The product safety review call for evidence in 2020 and 2021 received something like 158 responses; 126 responses were received in response to the product safety review consultation in 2023; 53 engagement events were held, reaching about 400 stakeholders; and, throughout last year, my department undertook 46 round tables with more than 300 stakeholders, both domestically and internationally. I want to set the picture so that all noble Lords know that we undertook reviews before the Bill was brought to Parliament.
Many businesses and consumer organisations support the Bill, seeing it as a common-sense approach to ensuring that the existing body of product regulation is fit for purpose in the face of technological and other changes. I emphasise again that the Government have been very clear that the UK will not rejoin the EU single market, customs union or freedom of movement. It is important to reset our relations with our nearest friends and neighbours, but that does not mean a return to the arrangements of the past.
Let us not forget that the bulk of UK product regulation is derived from EU law. This is precisely the reason the legislation explicitly references that jurisdiction and not others. If the UK makes a sovereign decision to mirror EU provisions, the Bill provides the mechanism and flexibility, on a case-by-case basis, to do so. This would avoid primary legislation each time technical changes are needed and would increase the certainty that businesses are crying out for. I hope noble Lords will support this pragmatic approach.
However, it is not our default position that we will mirror EU requirements. The Government will be guided by the needs of businesses and consumers, which may differ. Nothing in the Bill prevents the UK diverging from EU requirements. The Government’s approach, whether to mirror or diverge, will be driven by evidence, subject to industry engagement, as discussed earlier in group 1, and support our mission to drive economic growth and provide consistency and certainty to businesses.
I turn to the amendment by the noble Lord, Lord Russell. The Bill provides powers that will give the UK greater flexibility in setting and updating its own product-related rules. It also enables the UK to choose to recognise relevant EU product requirements where it is in the interest of our businesses and consumers to do so. The Government have strong relationships with stakeholders, including industry, trade associations and consumer groups, and will continue to engage with them before any regulatory changes are brought to this House.
Amendment 4 proposes removing the powers in the Bill that would allow us to update regulations that address the environmental impact of products where similar provision exists in EU law. Amendment 6 proposes broadening these powers to update UK regulations to mirror any international jurisdiction. The noble Lord, Lord Jackson, talked about environmental impact, and I thank the noble Baroness, Lady Bennett, for her contribution which leaves me with very little to say here, except that many products are required to meet multiple product regulations, including those which may address the environmental impact of products.
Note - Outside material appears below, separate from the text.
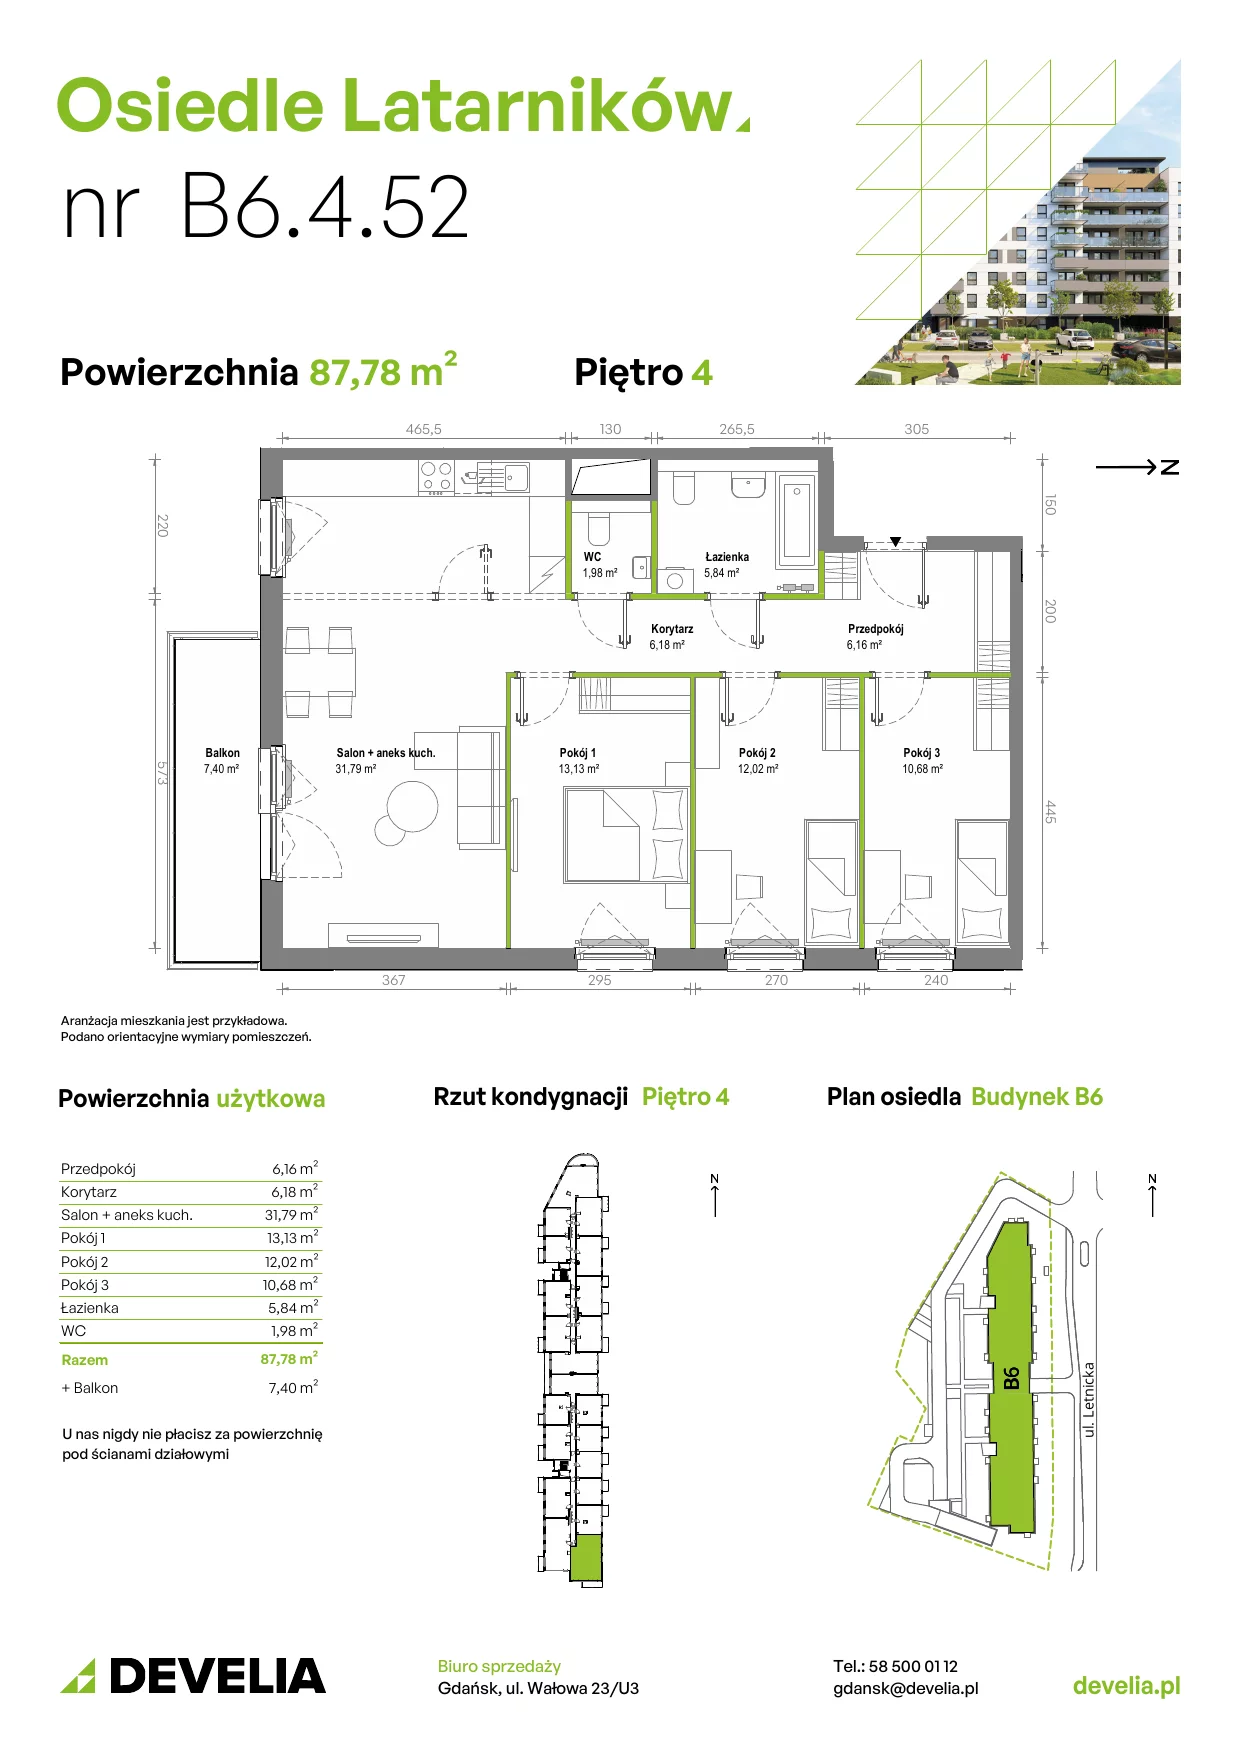 Mieszkanie 87,66 m², piętro 4, oferta nr B6.4.052, Osiedle Latarników, Gdańsk, Letnica, ul. Letnicka 1

As I have noted, most UK product legislation is derived from EU law. The powers in Clause 1(2) are intended to be used in limited circumstances where there is a corresponding or similar provision in EU product regulations for the purpose of reducing or mitigating the environmental impact of products. This ensures that the power could be exercised to create regulatory certainty and manage changes to EU rules we recognise.
This power is limited in this way as we do not wish to create powers to regulate on wider environmental objectives. This already exists, for example, under the Environment Act. Clause 1(2) in no way obliges the UK to recognise or to mirror EU provisions. We have been clear that such decisions will be taken on a case-by-case basis and subject to parliamentary scrutiny.